++++ Supplied data

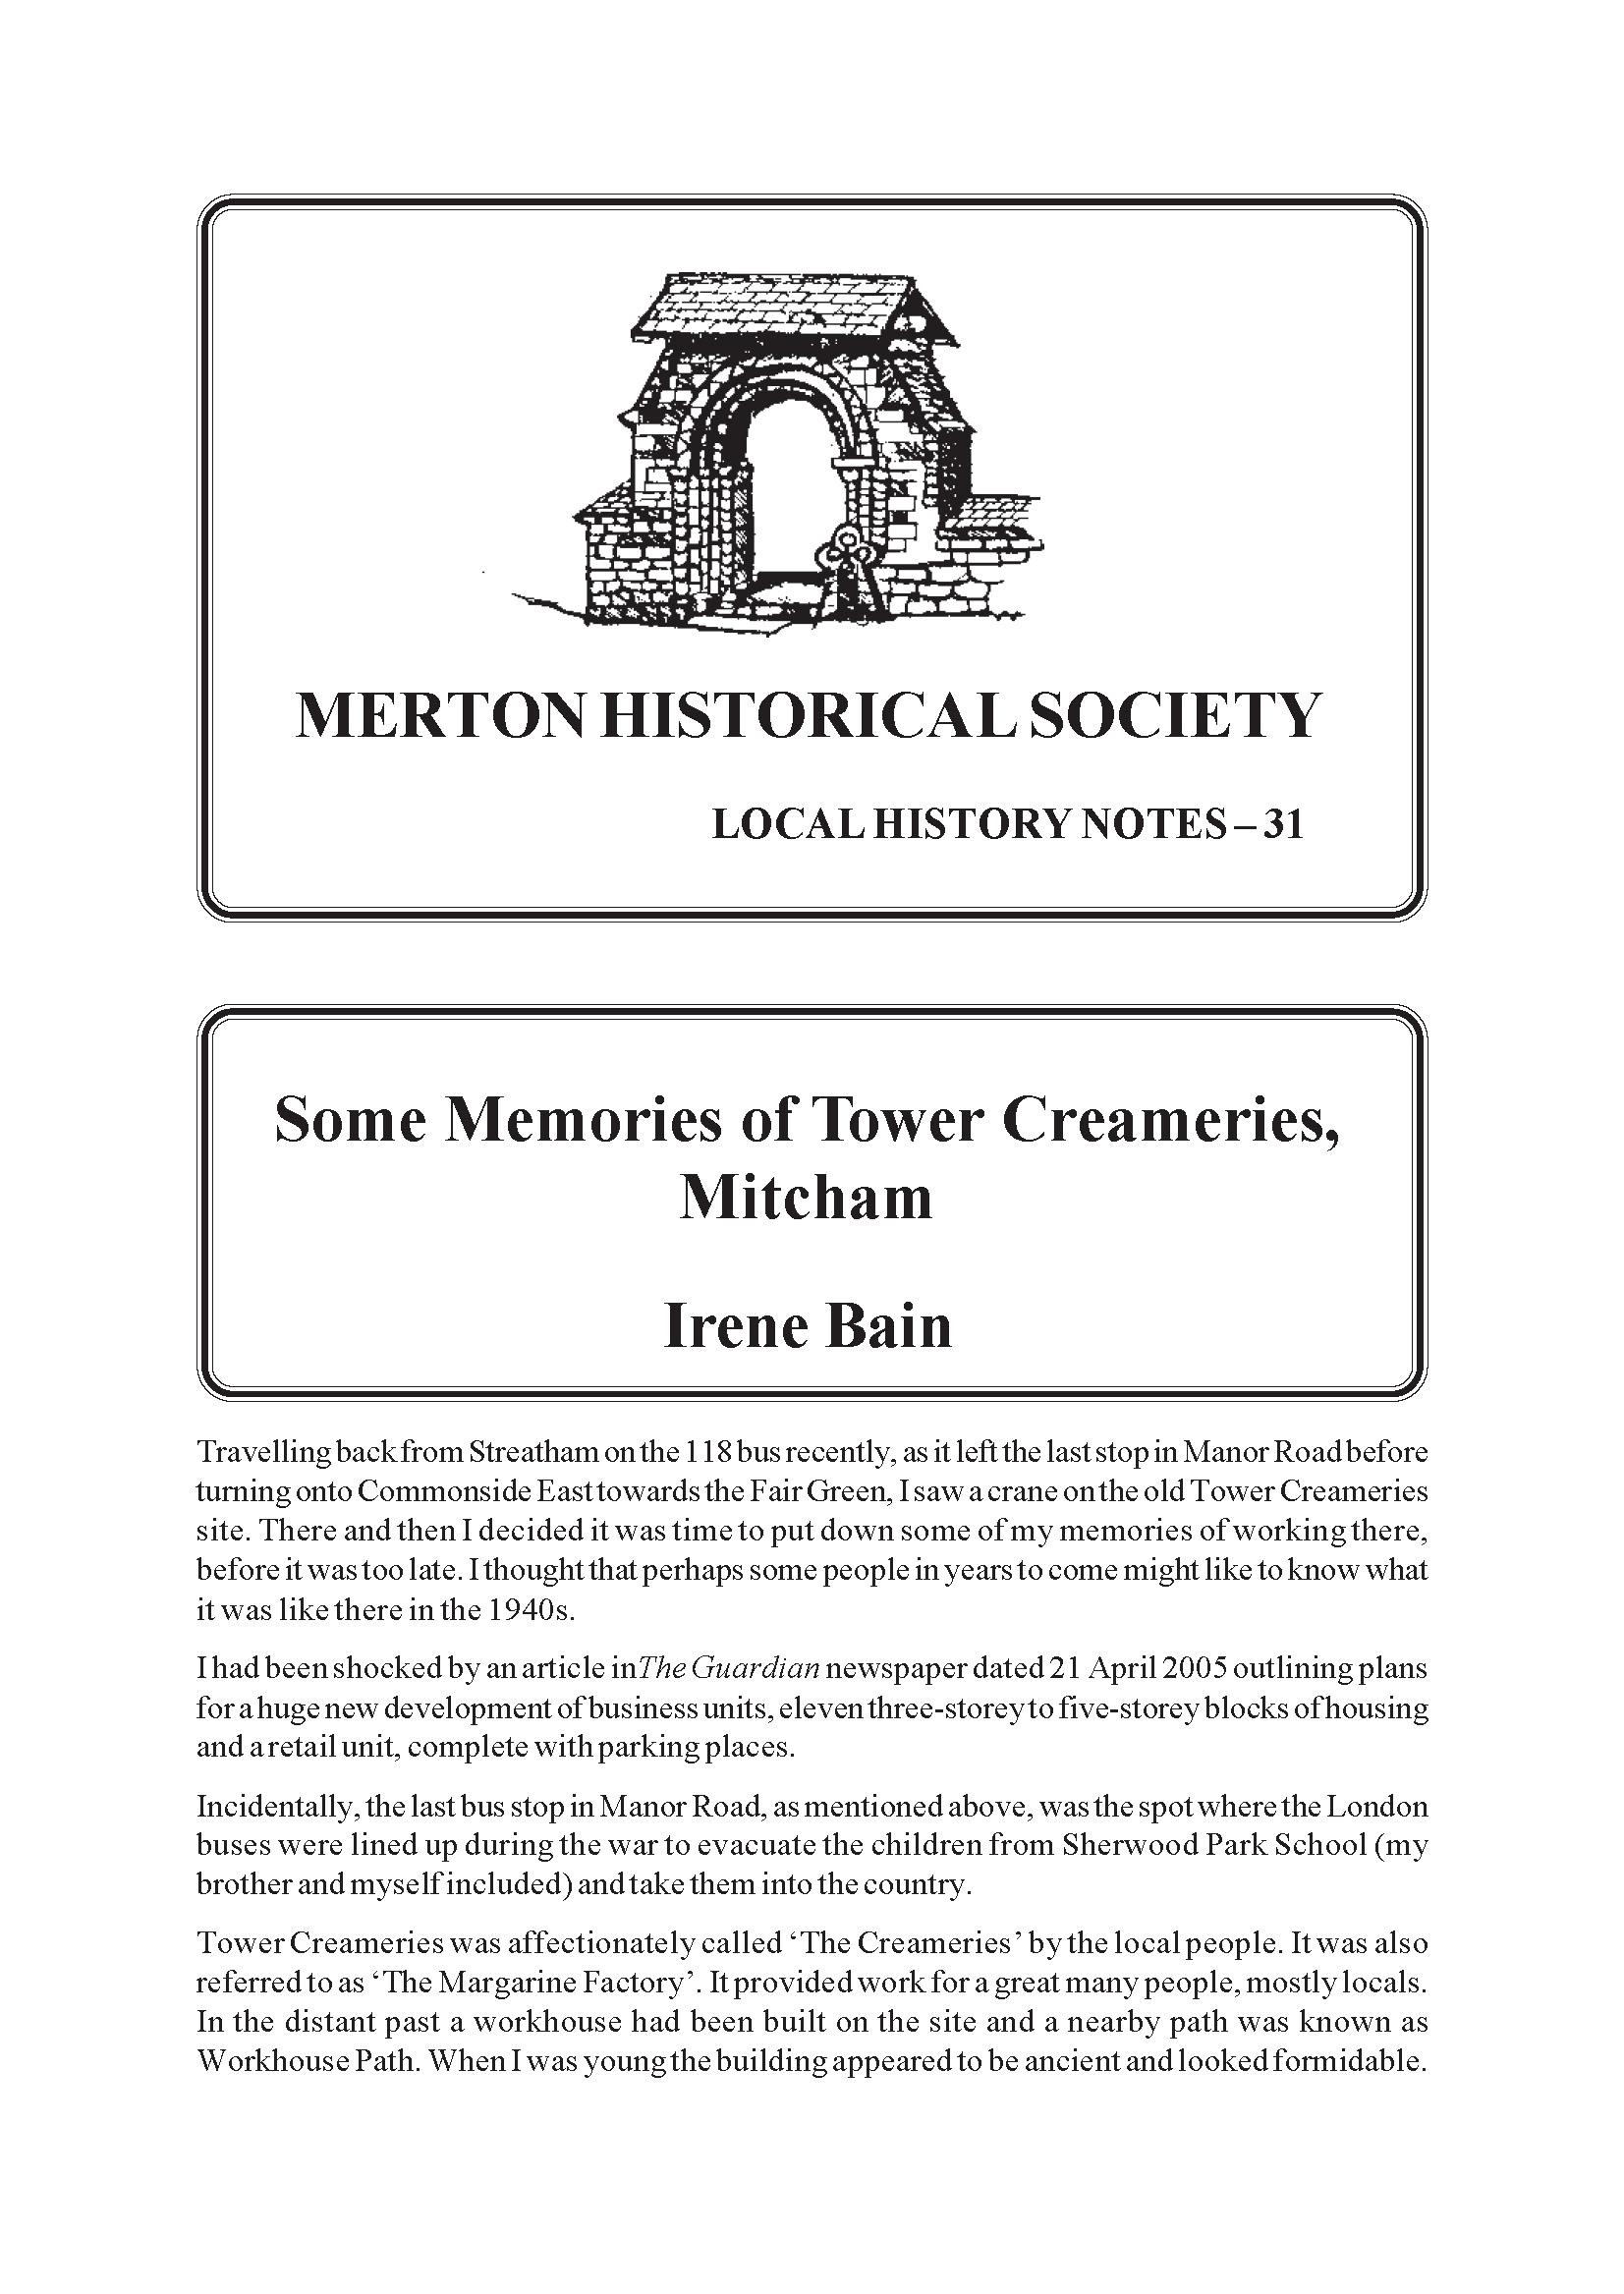 Some Memories Of Tower Creameries Mitcham Merton Historical Society
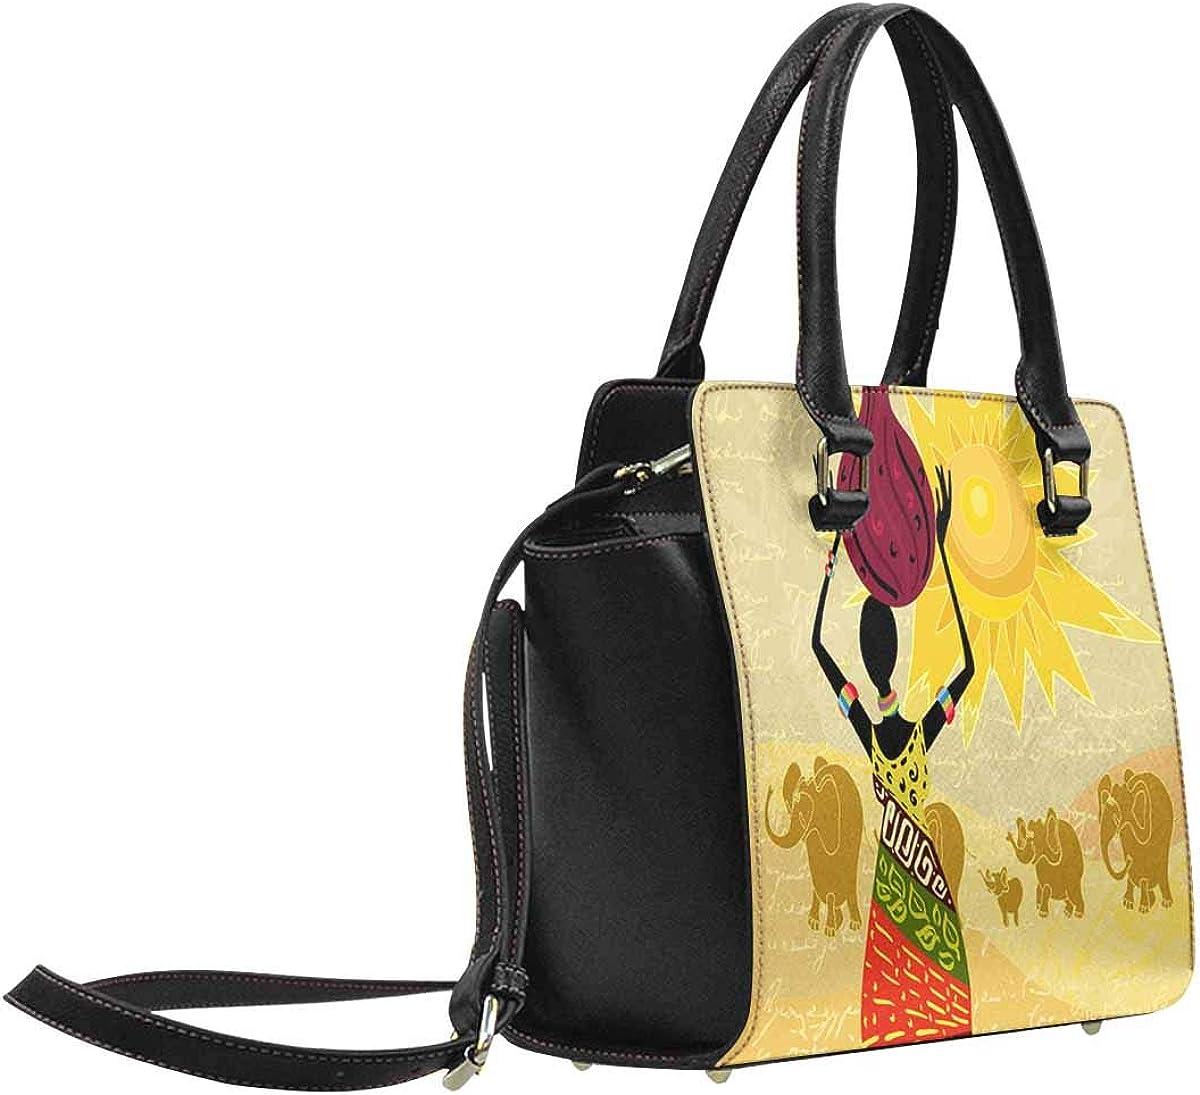 InterestPrint Japan Concept Japanese Wave Fuji Mountain Maples Top Handle Satchel Purse for Woman Work Tote Shoulder Bag
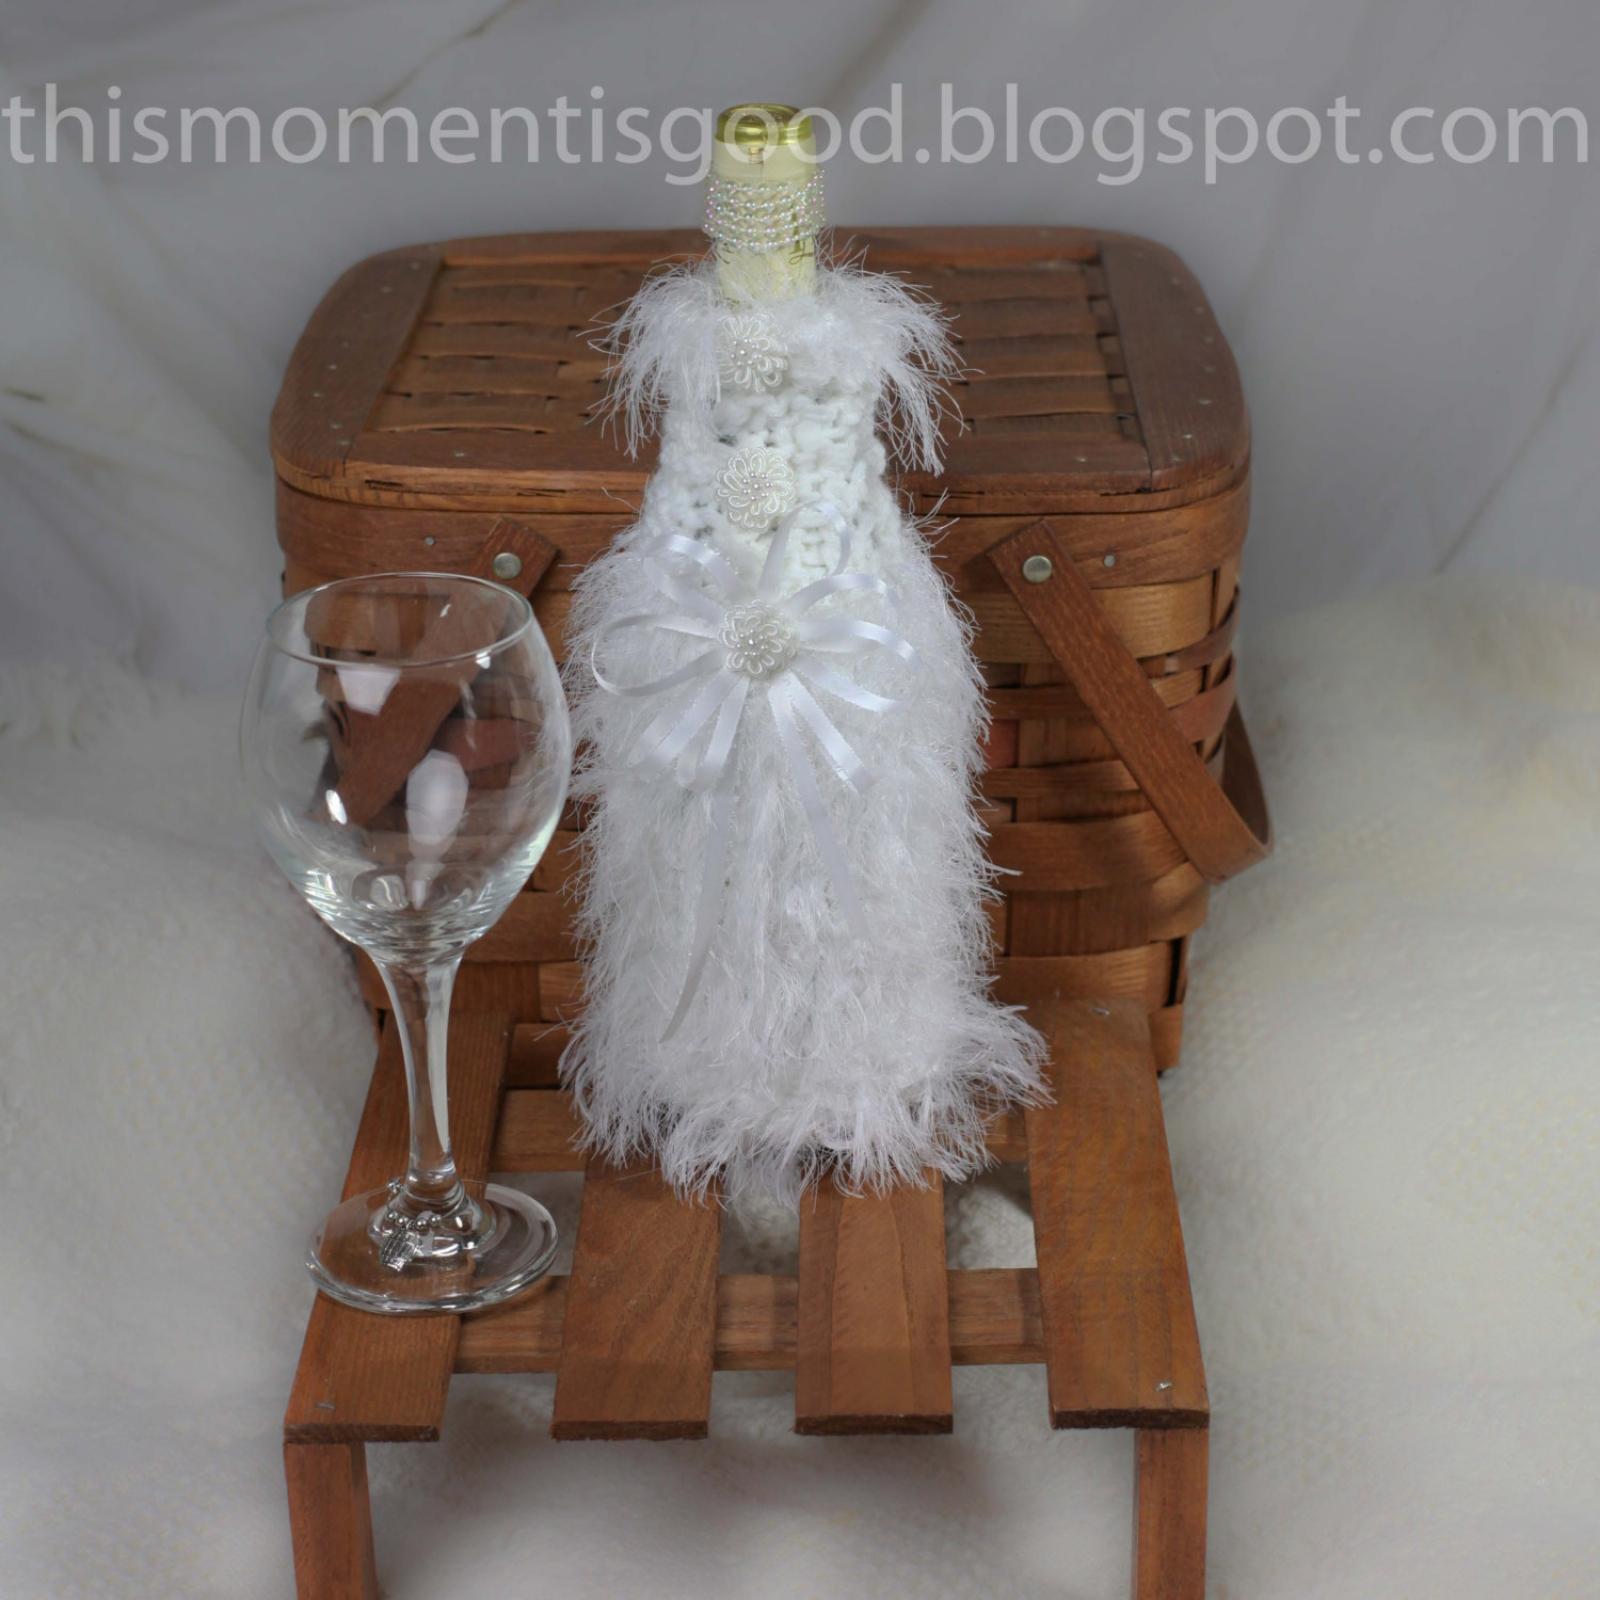 Loom Knit Wine Bottle Cover Pattern Bride Amp Groom 2

++++++++

■ Activity: Give the data again exactly, without pictures.

■ Response to the task:
 Some Memories Of Tower Creameries Mitcham Merton Historical Society
 InterestPrint Japan Concept Japanese Wave Fuji Mountain Maples Top Handle Satchel Purse for Woman Work Tote Shoulder Bag
 Loom Knit Wine Bottle Cover Pattern Bride Amp Groom 2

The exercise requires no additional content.